• **AIM OF THE EXERCISE**
The copy you give must match the listing below exactly and contain no pictures.

• **RECORDED INFORMATION**
━━━━━━━━━━━━━━━━
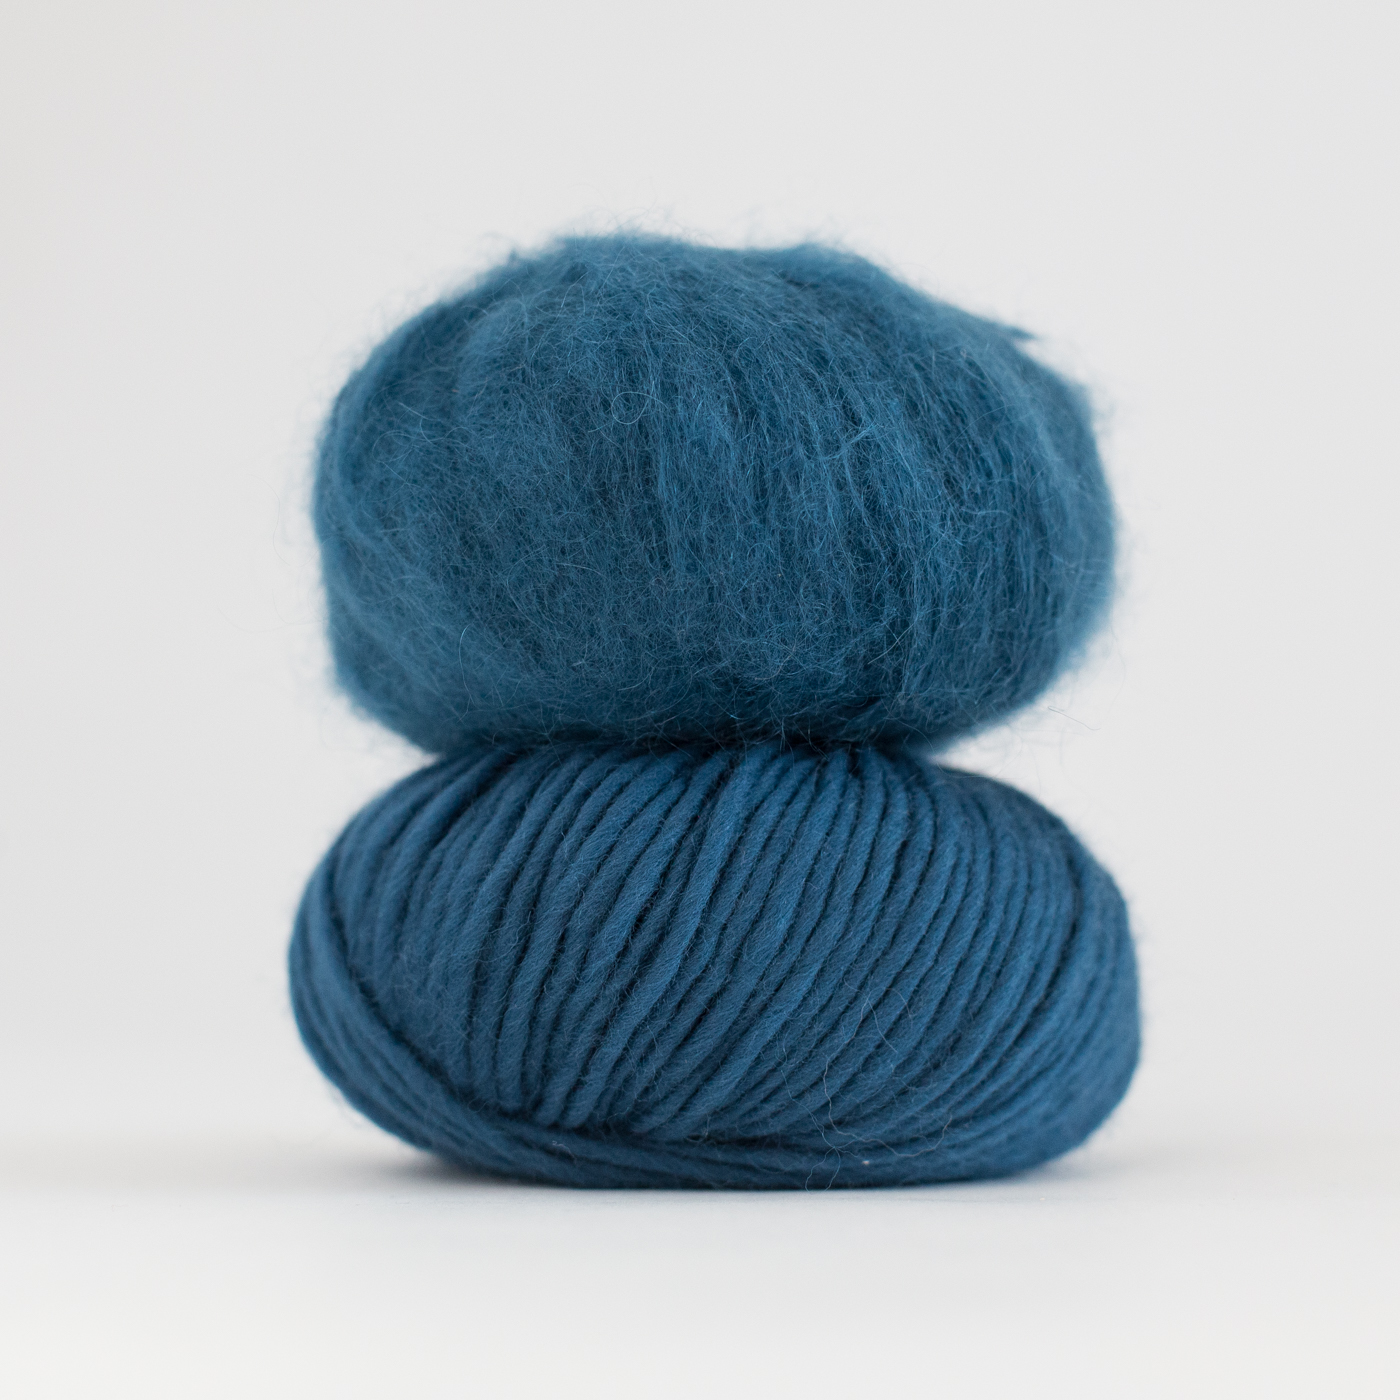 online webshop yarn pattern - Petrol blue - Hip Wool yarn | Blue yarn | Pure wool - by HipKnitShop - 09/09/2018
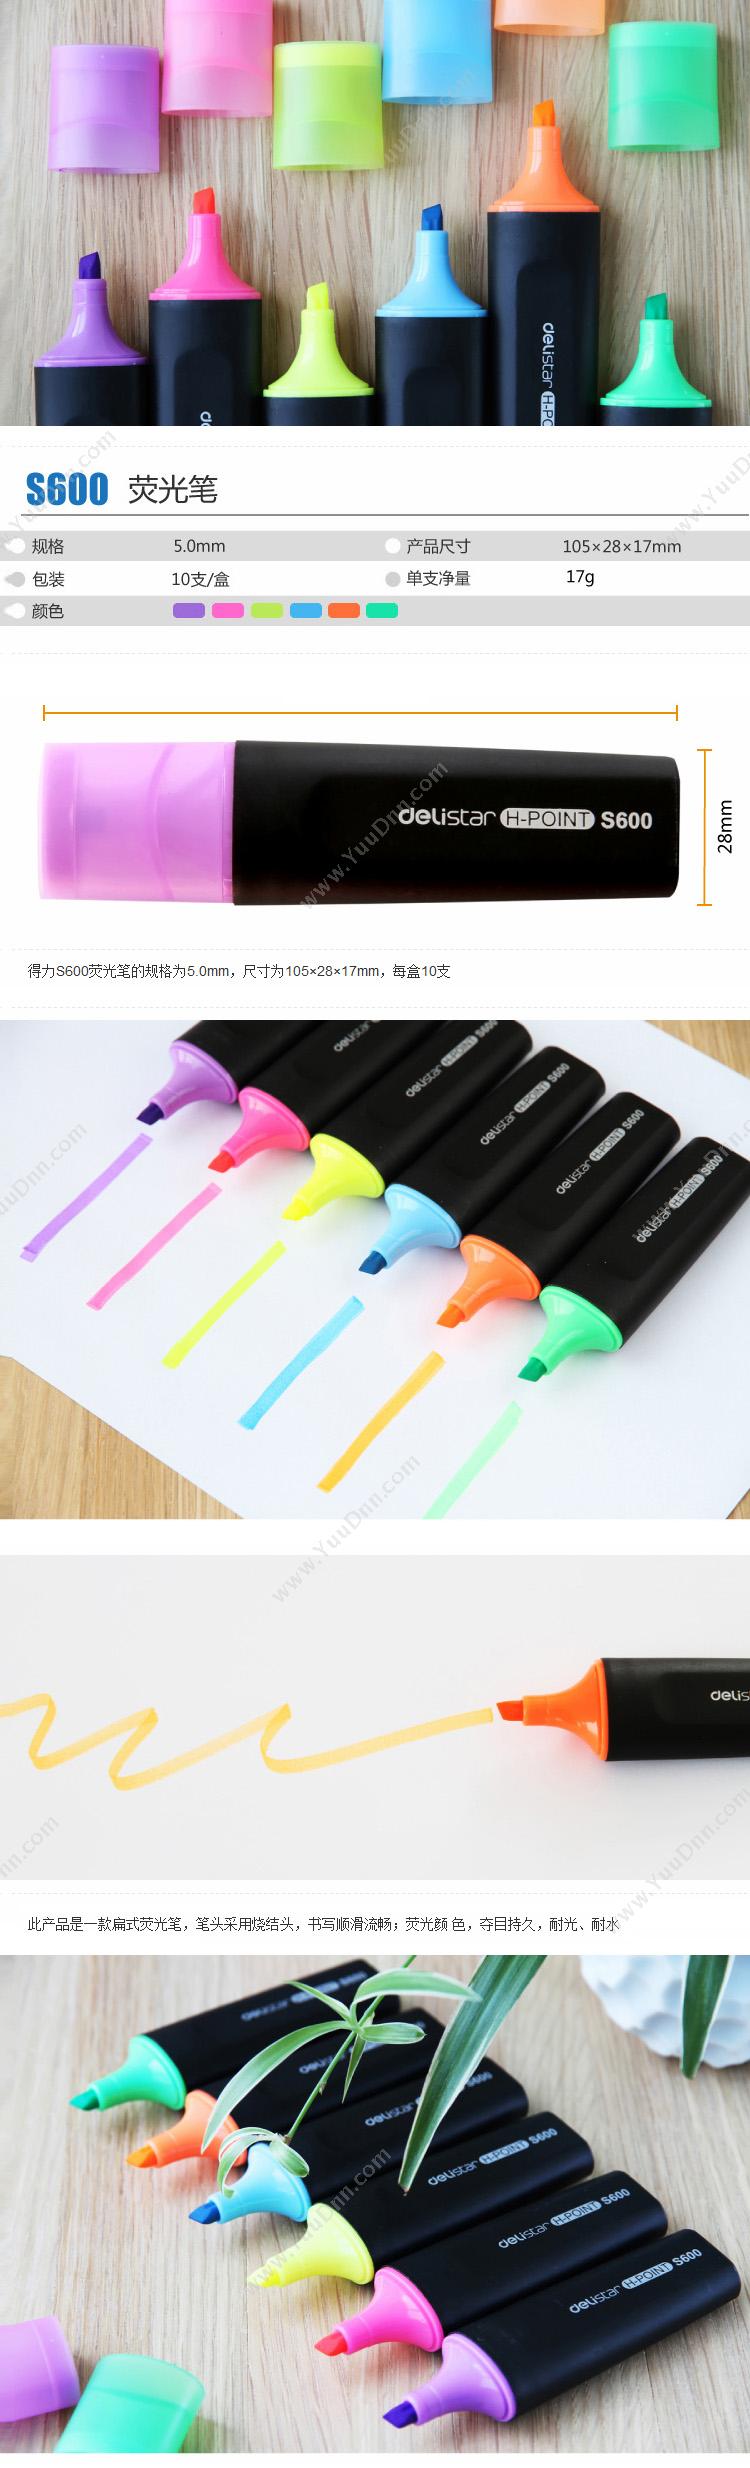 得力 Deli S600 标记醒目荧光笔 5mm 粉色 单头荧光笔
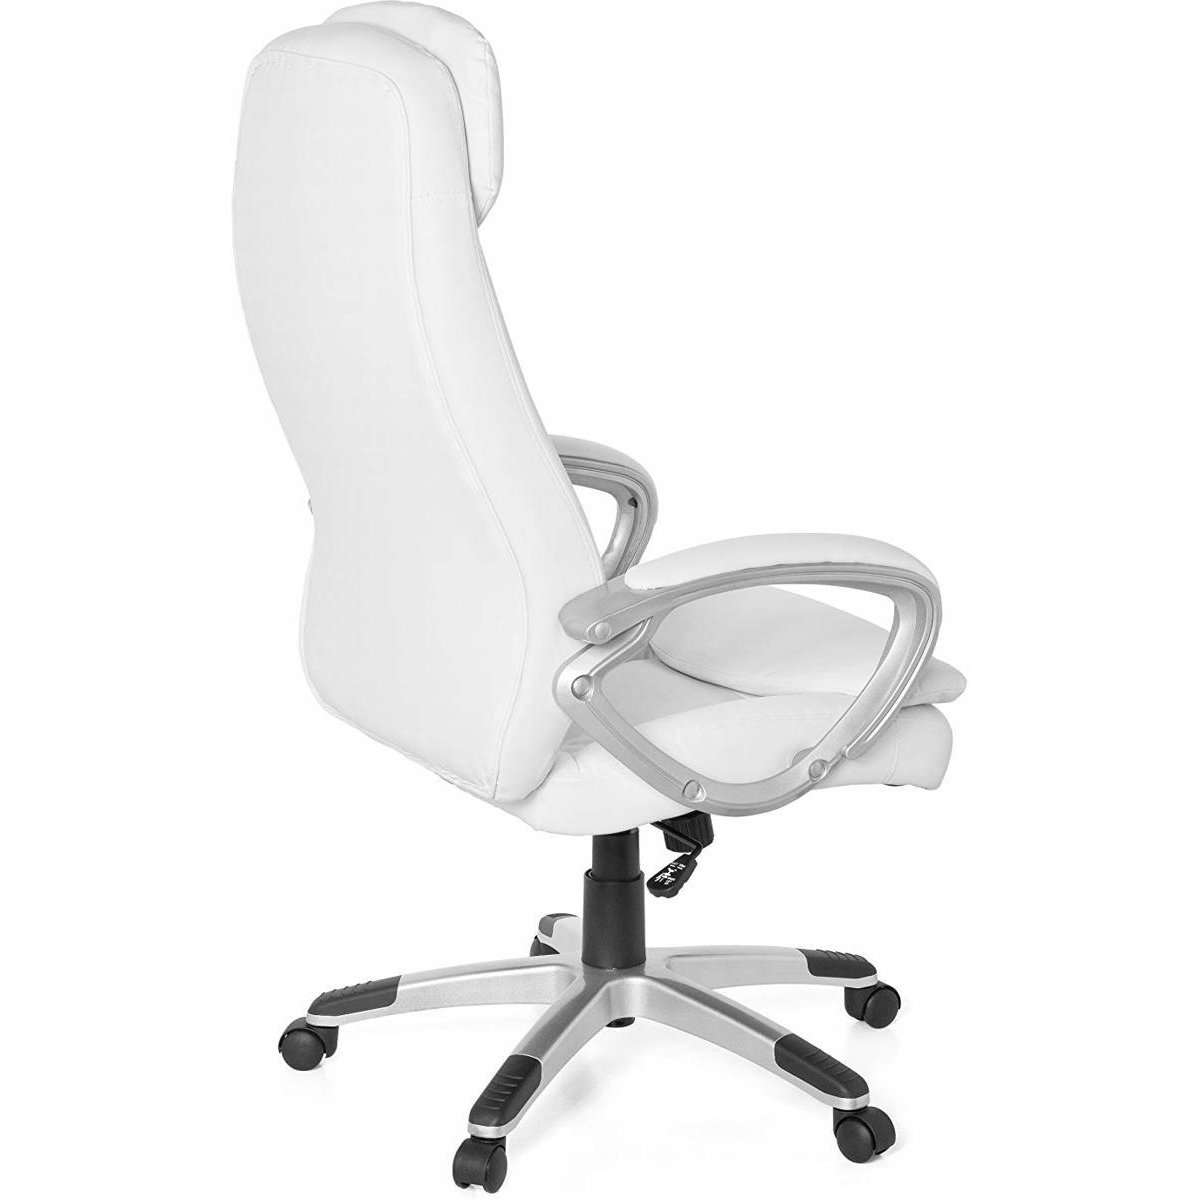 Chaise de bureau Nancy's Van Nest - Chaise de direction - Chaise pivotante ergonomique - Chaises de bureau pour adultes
━━━━━━━━━━━━━━━━
• **OUTPUT OF THE TASK**
 online webshop yarn pattern - Petrol blue - Hip Wool yarn | Blue yarn | Pure wool - by HipKnitShop - 09/09/2018
 得力 Deli S600 标记醒目荧光笔 5mm 粉色 单头荧光笔
 Chaise de bureau Nancy's Van Nest - Chaise de direction - Chaise pivotante ergonomique - Chaises de bureau pour adultes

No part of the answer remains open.